Specific questions concerned such things as how to take advantage of current technology and synchronize it with research community work to improve recruiting, soldier development and professionalism and the assessment of soldier performance, how to adjust current policy to ensure proper force manning and retaining high quality soldiers and how to optimize training and leader development to achieve soldiers who are able to think critically and can adapt to dynamic operating environment.

The previous concept, TRADOC PAM 525-3-7, defines the human dimension as: “That which encompasses the moral, intellectual, and physical components of soldier, leader, and organizational development and performance essential to raise, prepare, and employ the Army in full spectrum operations.”

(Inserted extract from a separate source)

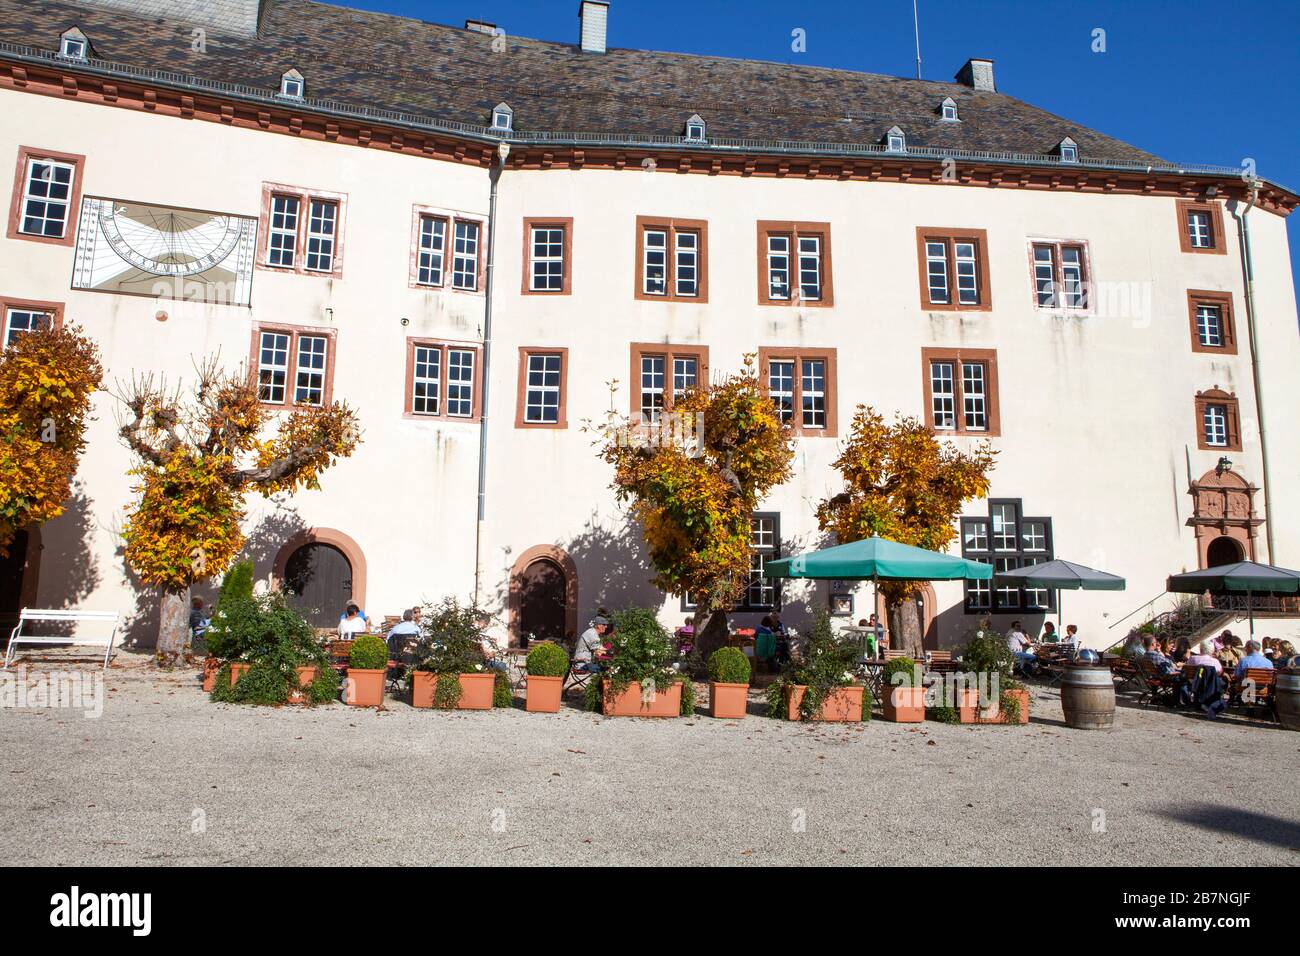 Schloss Berleburg Castle, Bad Berleburg, Wittgensteiner Land district, North Rhine-Westphalia, Germany, Europe Stock Photo

Walker determined there was a need for more involvement by other stakeholders and initiated an integrated development team to address the concept and key issues, and rechartered the human dimension team, leading to a broader inclusion of stakeholders.

Brig. Gen. Robert Dyess, director of the Requirements Integration Directorate within ARCIC, said former TRADOC Commander, retired Gen. Scott Wallace addressed the group saying he wants to see continued action so future combatant commanders receive operationally resilient units.

The “best investments we could make is in training and leader development,” he said. “We’re already working on it.”

The new Strategic Guidance also envisions a technologically advanced Army, and technology could advance human dimension efforts.

Walker said technology may help the service better train and educate soldiers to ensure they have the qualities and attributes the Army believes they should have. For example, in the future the Army could use science and technology with screening–so the service could learn what specialties soldiers might be best suited for, and to improve the way they learn.

Col. Kevin Felix, chief of the Future Warfare Division at ARCIC, said improving assessment tools is an area where they are moving forward. There is a pilot project to assess and leverage technology that exists in labs to see if it could help soldiers develop a better baseline of where they are, and how they see themselves, then mix science and technology toward desired outcomes.

Labs working in such areas include Carnegie Mellon, the University of North Carolina, and Harvard Decision Science Lab at the Kennedy School of Government, he said.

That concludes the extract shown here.